Moores Cancer Center, UC San Diego, La Jolla, CA.
Department of Cellular and Molecular Medicine, UC San Diego, La Jolla, CA.
J Clin Oncol. 2024 Oct 20;42(30):3550-3560. doi: 10.1200/JCO.23.02641. Epub 2024 Jul 31.
Cancers with homologous recombination deficiency (HRD) can benefit from platinum salts and poly(ADP-ribose) polymerase inhibitors. Standard diagnostic tests for detecting HRD require molecular profiling, which is not universally available.
We trained DeepHRD, a deep learning platform for predicting HRD from hematoxylin and eosin (H&E)-stained histopathological slides, using primary breast (n = 1,008) and ovarian (n = 459) cancers from The Cancer Genome Atlas (TCGA). DeepHRD was compared with four standard HRD molecular tests using breast (n = 349) and ovarian (n = 141) cancers from multiple independent data sets, including platinum-treated clinical cohorts with RECIST progression-free survival (PFS), complete response (CR), and overall survival (OS) endpoints.
DeepHRD predicted HRD from held-out H&E-stained breast cancer slides in TCGA with an AUC of 0.81 (95% CI, 0.77 to 0.85). This performance was confirmed in two independent primary breast cancer cohorts (AUC, 0.76 [95% CI, 0.71 to 0.82]). In an external platinum-treated metastatic breast cancer cohort, samples predicted as HRD had higher complete CR (AUC, 0.76 [95% CI, 0.54 to 0.93]) with 3.7-fold increase in median PFS (14.4 3.9 months; = .0019) and hazard ratio (HR) of 0.45 ( = .0047). There were no significant differences in nonplatinum treatment outcome by predicted HRD status in three breast cancer cohorts, including CR (AUC, 0.39) and PFS (HR, 0.98, = .95) in taxane-treated metastatic breast cancer. Through transfer learning to high-grade serous ovarian cancer, DeepHRD-predicted HRD samples had better OS after first-line (HR, 0.46; = .030) and neoadjuvant (HR, 0.49; = .015) platinum therapy in two cohorts.
DeepHRD can predict HRD in breast and ovarian cancers directly from routine H&E slides across multiple external cohorts, slide scanners, and tissue fixation variables. When compared with molecular testing, DeepHRD classified 1.8- to 3.1-fold more patients with HRD, which exhibited better OS in high-grade serous ovarian cancer and platinum-specific PFS in metastatic breast cancer.

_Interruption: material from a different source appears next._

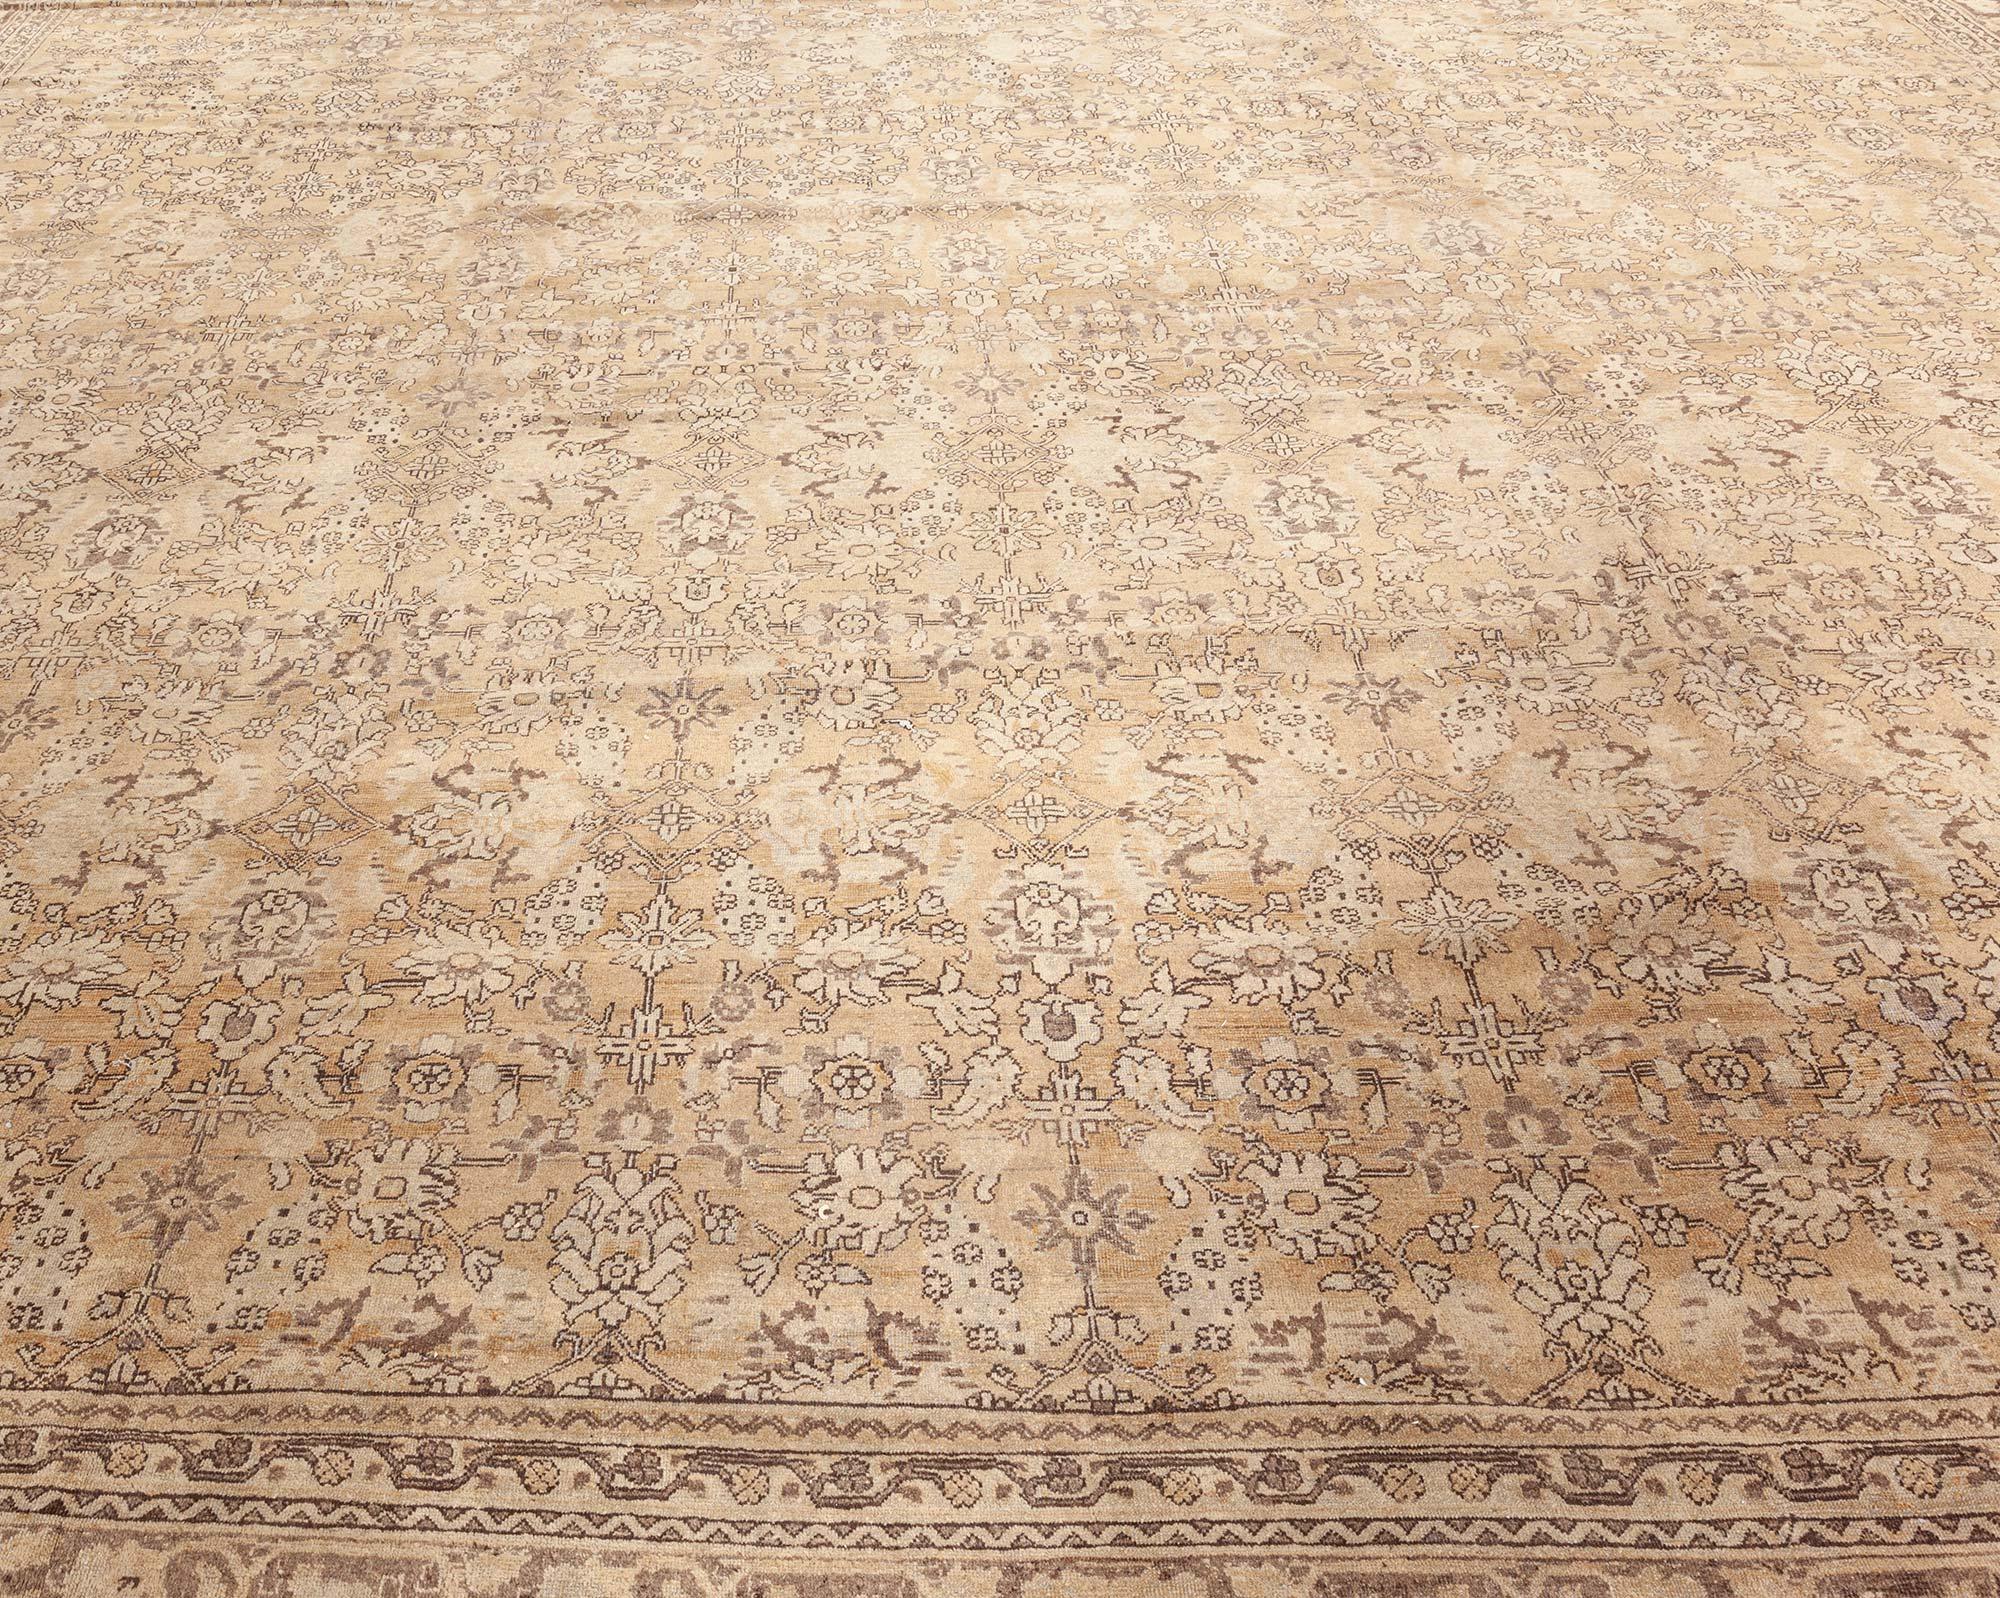 High-quality vintage Indian Amritsar handmade wool carpet
Size: 14'5

同源重组缺陷(HRD)的癌症可以从铂盐和聚(ADP-核糖)聚合酶抑制剂中获益。检测 HRD 的标准诊断测试需要分子分析,但并非普遍可用。
我们使用来自癌症基因组图谱(TCGA)的原发性乳腺癌(n=1008)和卵巢癌(n=459)训练了 DeepHRD,这是一种用于从苏木精和伊红(H&E)染色组织学幻灯片预测 HRD 的深度学习平台。使用来自多个独立数据集的乳腺癌(n=349)和卵巢癌(n=141)癌症,将 DeepHRD 与四种标准 HRD 分子测试进行了比较,包括具有 RECIST 无进展生存期(PFS)、完全缓解(CR)和总生存期(OS)终点的铂类治疗临床队列。
DeepHRD 预测 TCGA 中保留的 H&E 染色乳腺癌幻灯片中的 HRD,AUC 为 0.81(95%CI,0.77 至 0.85)。这一性能在两个独立的原发性乳腺癌队列中得到了证实(AUC,0.76 [95%CI,0.71 至 0.82])。在一个外部的铂类治疗转移性乳腺癌队列中,预测为 HRD 的样本具有更高的完全 CR(AUC,0.76 [95%CI,0.54 至 0.93]),中位 PFS 增加了 3.7 倍(14.4 3.9 个月; =.0019),风险比(HR)为 0.45( =.0047)。在三个乳腺癌队列中,根据预测的 HRD 状态,非铂类治疗结果没有显著差异,包括紫杉醇治疗转移性乳腺癌的 CR(AUC,0.39)和 PFS(HR,0.98, =.95)。通过转移学习到高级别浆液性卵巢癌,DeepHRD 预测的 HRD 样本在两个队列的一线(HR,0.46; =.030)和新辅助(HR,0.49; =.015)铂类治疗后具有更好的 OS。
DeepHRD 可以直接从多个外部队列、幻灯片扫描仪和组织固定变量的常规 H&E 幻灯片中预测乳腺癌和卵巢癌中的 HRD。与分子检测相比,DeepHRD 将 1.8 至 3.1 倍更多的 HRD 患者进行分类,在高级别浆液性卵巢癌中表现出更好的 OS,在转移性乳腺癌中表现出更好的铂类特异性 PFS。